Local activities include waterskiing, mountain bike riding, bush walking, four-wheel-driving, camping, swimming, rock hopping in streams and creeks and picnicking. The village lies between two areas of state forest with a range of different bushwalking and scenic drive trails. South of the village is Cairncross State Forest, while to the north is Ballengarra State Forest.
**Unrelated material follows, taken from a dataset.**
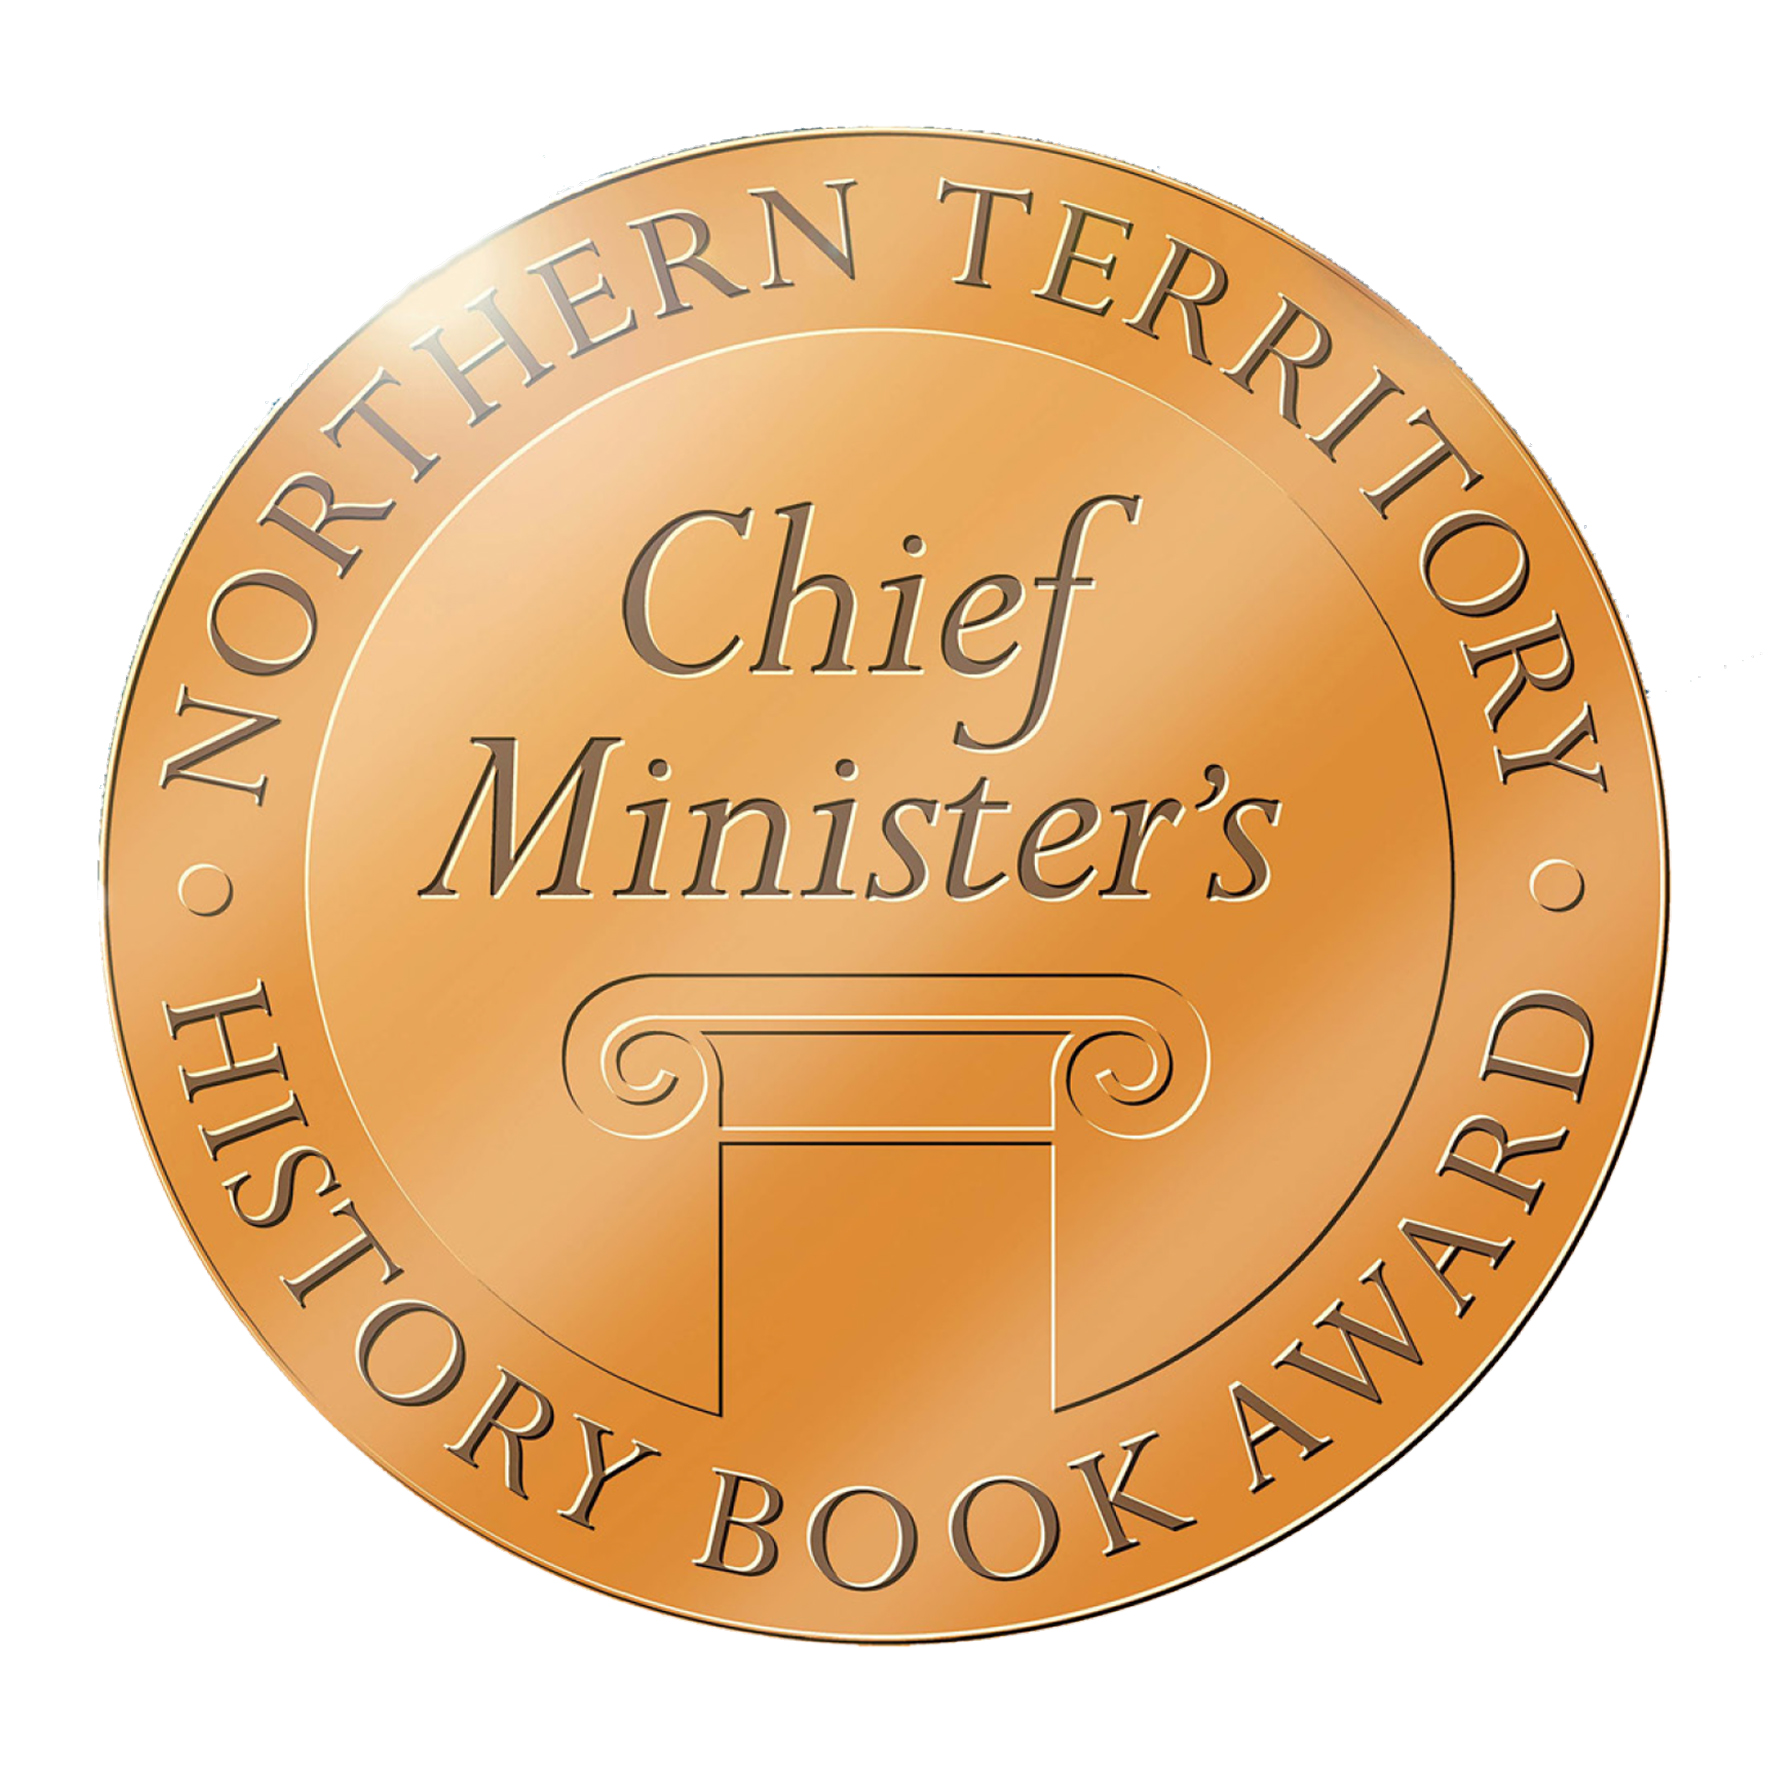 Chief Minister's Northern Territory Book Awards Logo

During the summer months, the local man-made lake and holiday park Stoney Park is turned into a Fun Park at Stoney Aqua Park.

Regular community activities are held at the Community Hall including a local book club, history association, craft activities, yoga, and all-ages fitness classes.

The local sports field, Charlie Watt Reserve, is the home of the Port Macquarie Dog Club and the training field for the Western Phoenix Soccer club.

==History==
The traditional owners of country throughout the Telegraph Point and Rollands Plains region are the Ngaku people (north of the Wilson River along the coast and inland to Kemps Pinnacle in the Willi Willi National Park), and the Ngambaa peoples (south of the Upper Wilson River, inland through Bril Bril towards the Manning).

The first European land grants in the Telegraph Point area were issued in the region then-known as ‘Prospect’ in 1832.
The name derives from the telegraph line which crossed the river in 1869. The river played an important role in the logging of the surrounding forests and there are the remains of several old wharves to be seen, the best-preserved of which is on the south bank beside the traffic bridge in Log Wharf Reserve.

A railway station was located in the town between 1917 and 1983. In April 1974, the town was bypassed by the Pacific Highway with the construction of a 555 metre 15 span bridge as part of a six kilometre deviation.